- YOUR GOAL
Pictures found in the material must be left out, and every line returned as written.

- DATASET EXTRACT
=-=-=

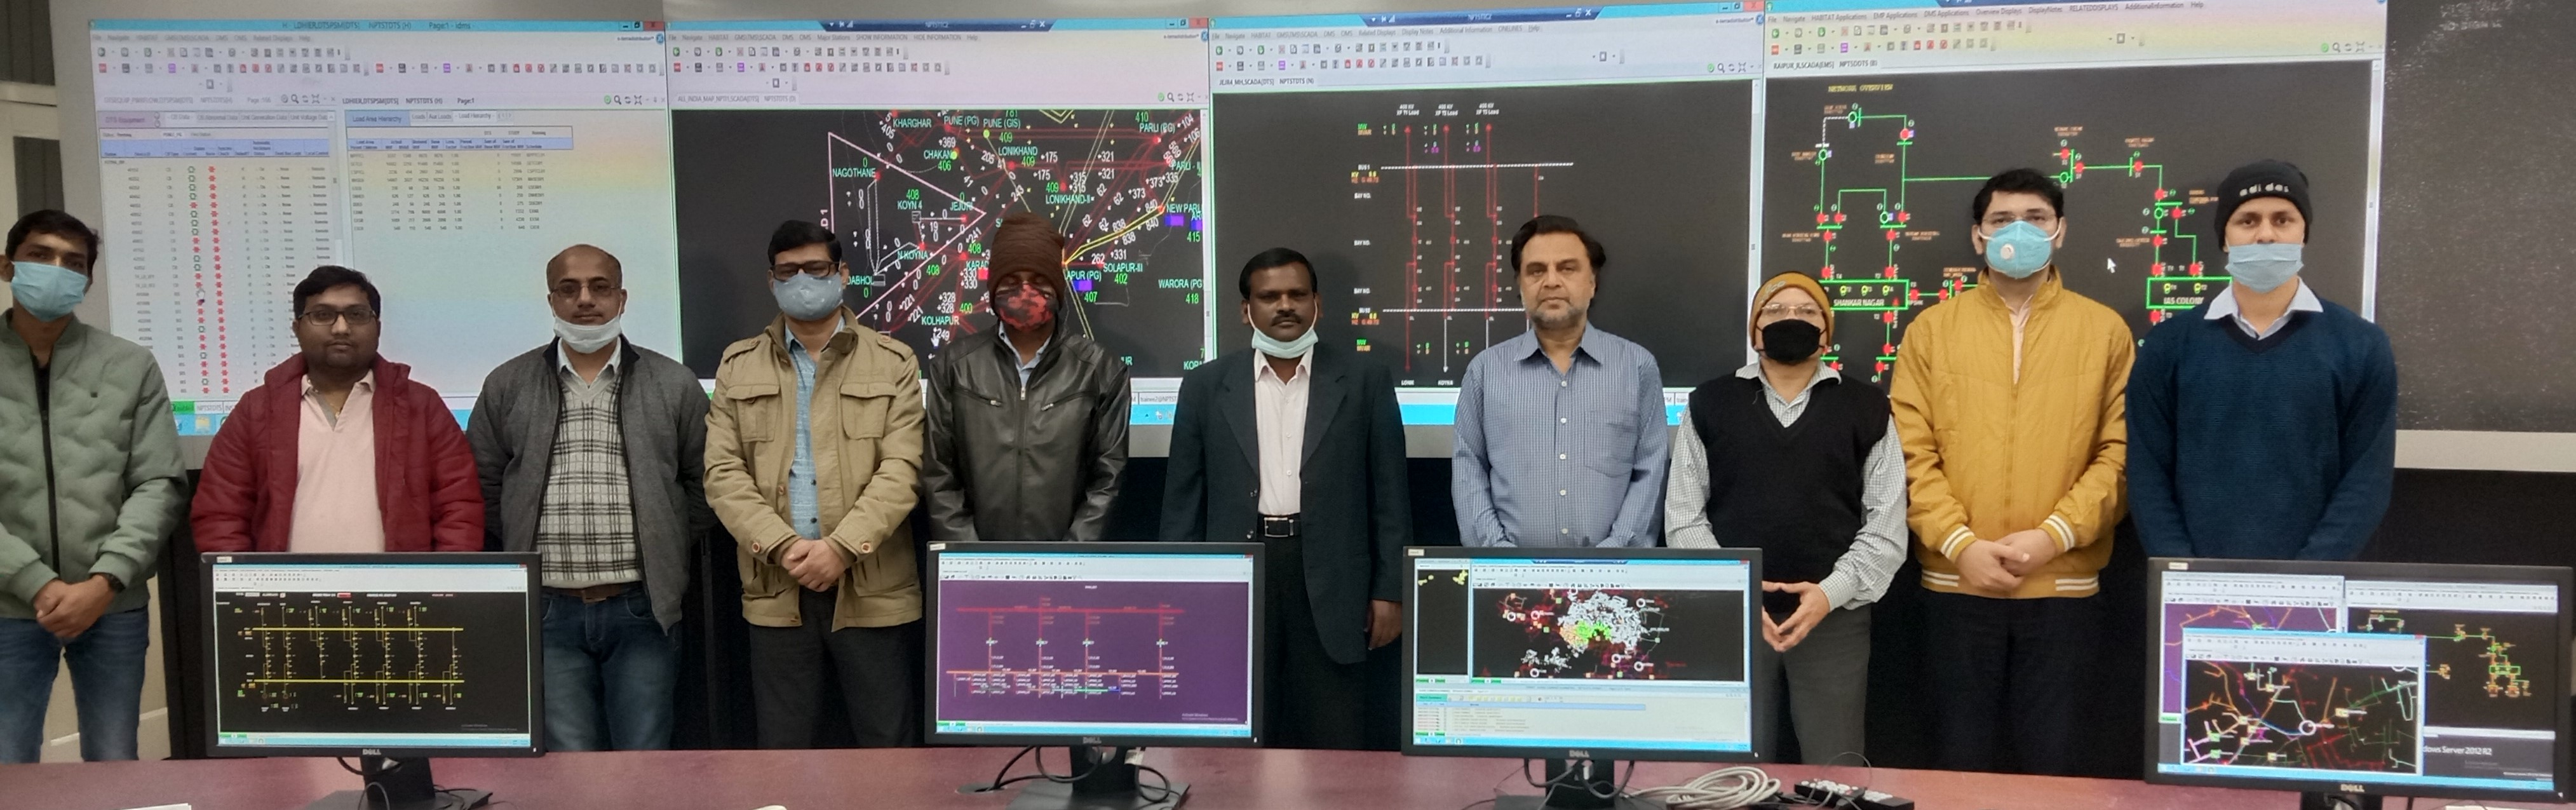 http://npti.gov.in/npti_shivpuri/sites/npti-shivpuri.com/files/banner_image/21.jpg
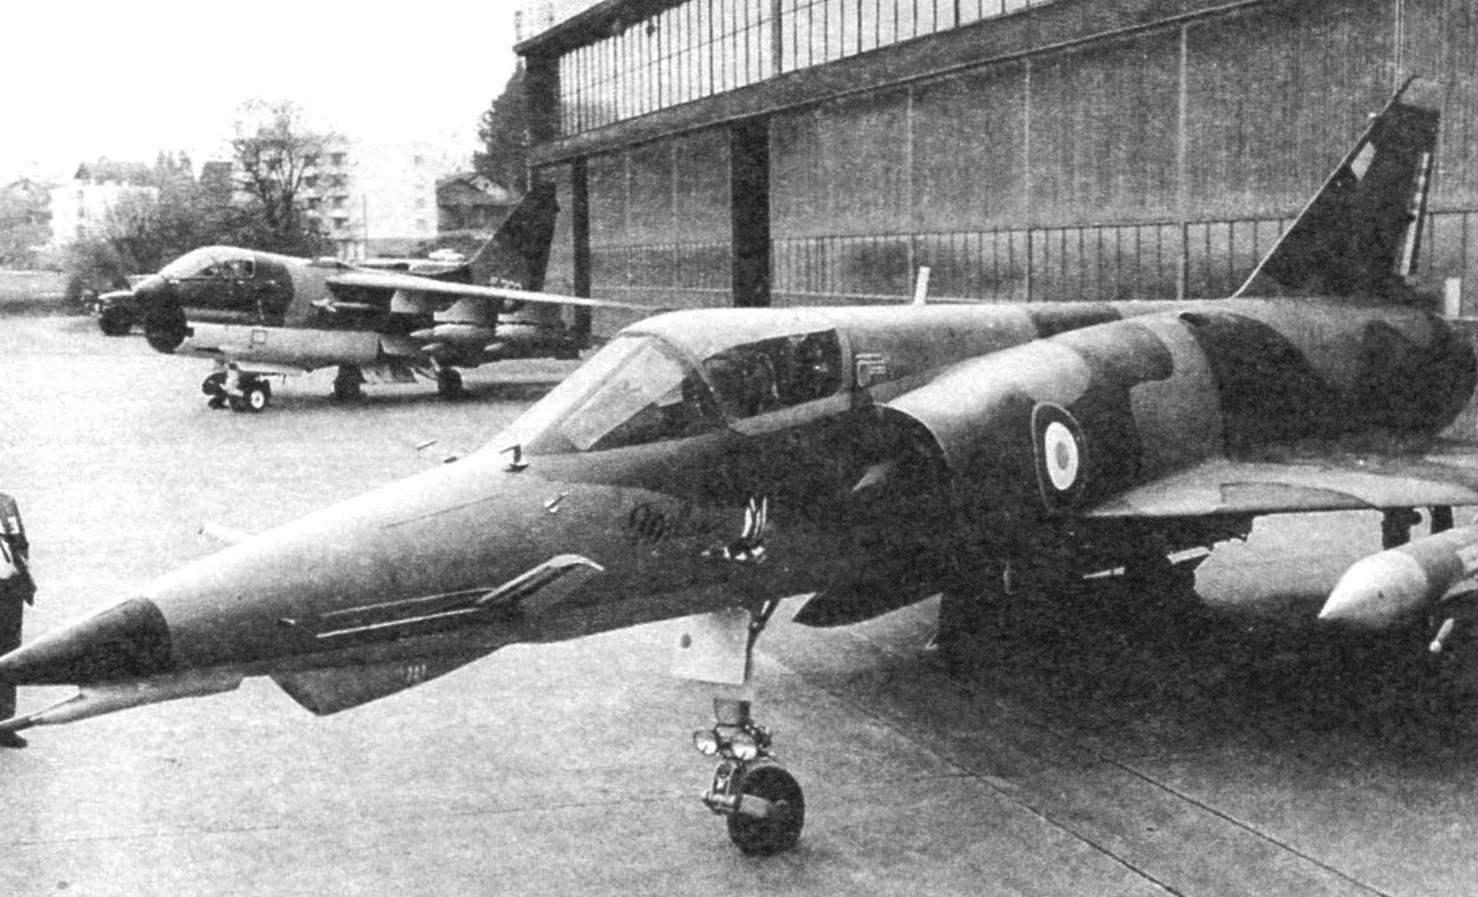 «Милан» на испытаниях в Швейцарии. На заднем плане - американский конкурент - самолёт А-7G «Корсар» II
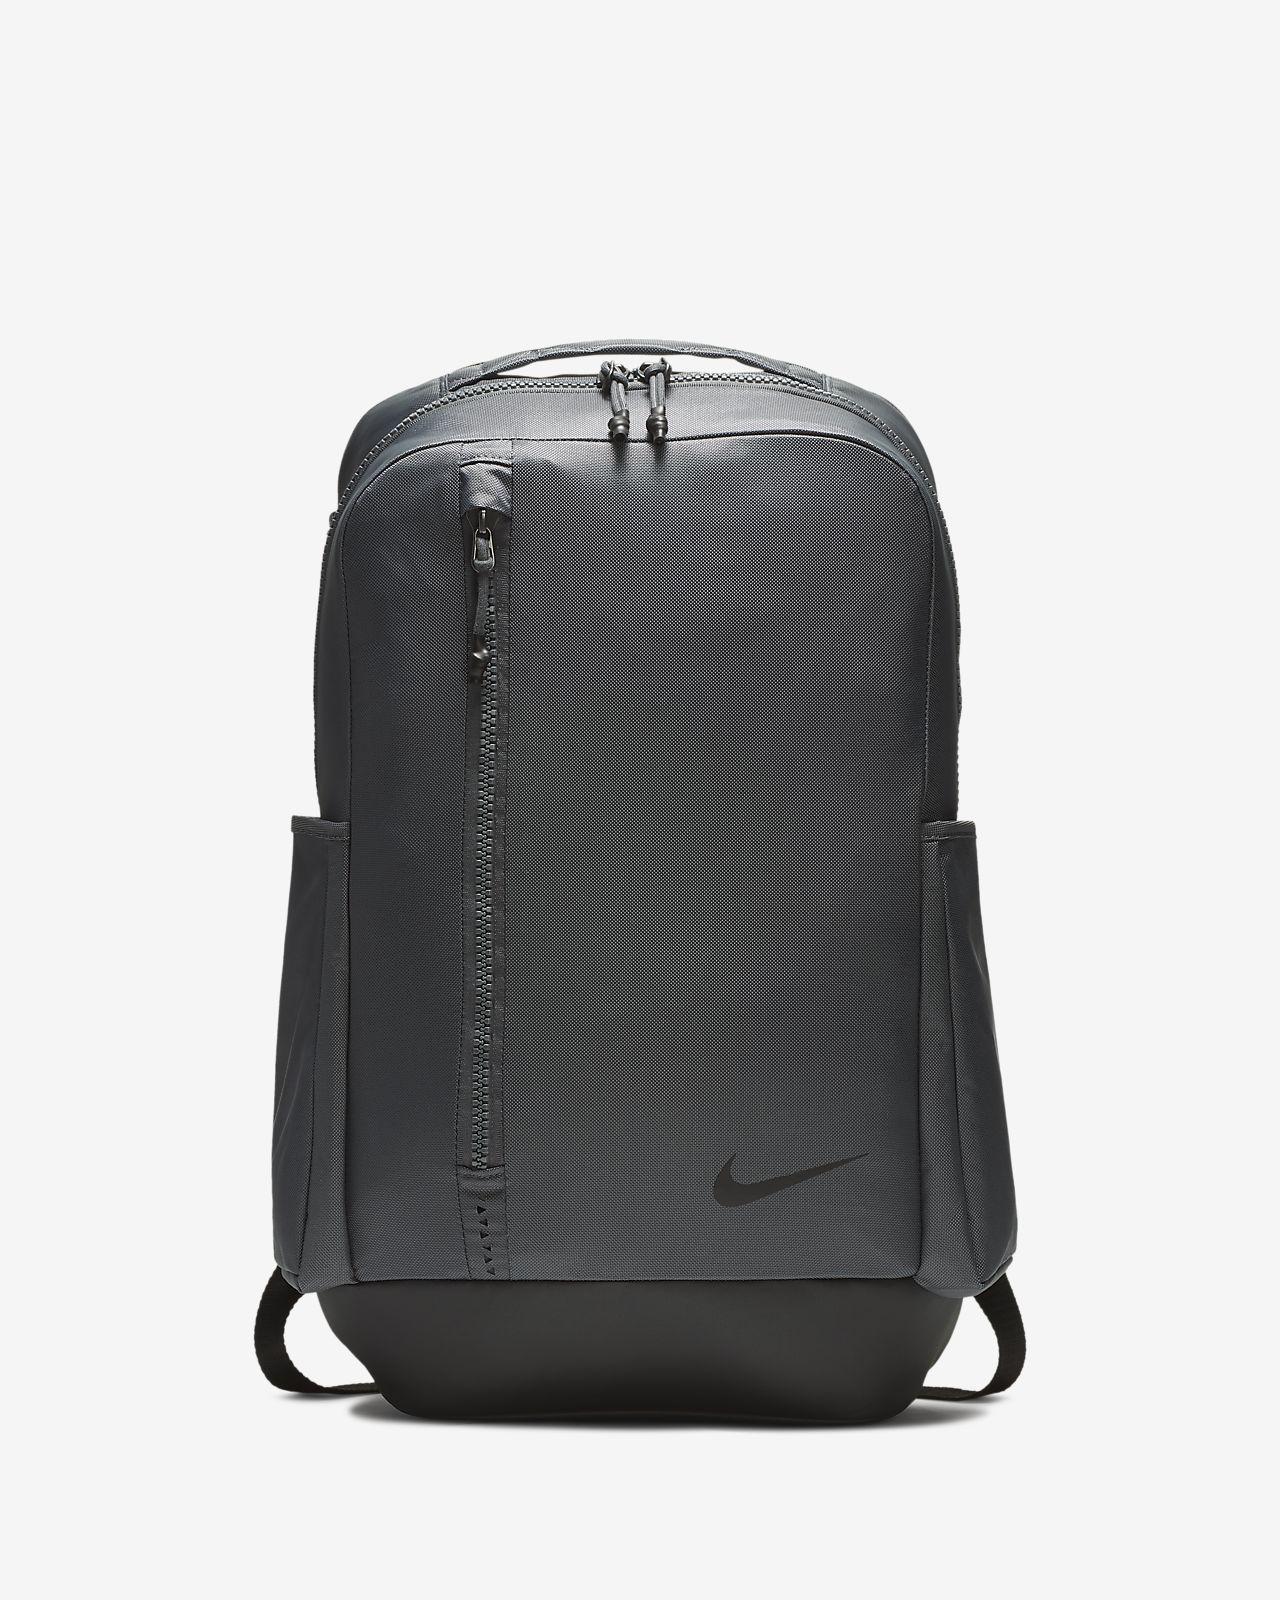 Plecak treningowy Nike Vapor Power 2.0
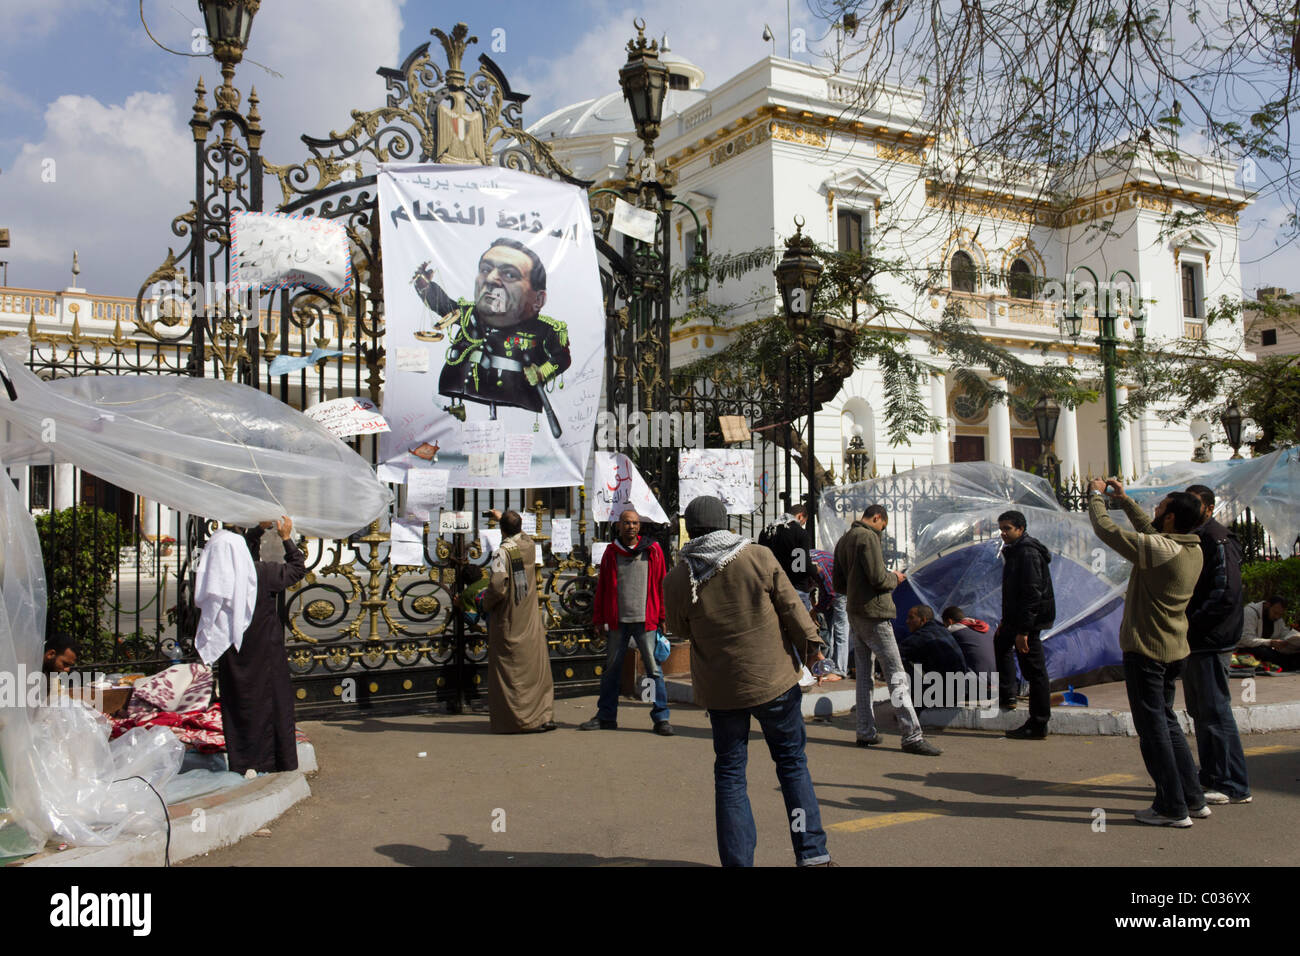 anti-Mubarak protestors at People's Assembly, Cairo, Egypt - Stock Image

=-=-=

- ANSWER BOX
 http://npti.gov.in/npti_shivpuri/sites/npti-shivpuri.com/files/banner_image/21.jpg
 «Милан» на испытаниях в Швейцарии. На заднем плане - американский конкурент - самолёт А-7G «Корсар» II
 Plecak treningowy Nike Vapor Power 2.0
 anti-Mubarak protestors at People's Assembly, Cairo, Egypt - Stock Image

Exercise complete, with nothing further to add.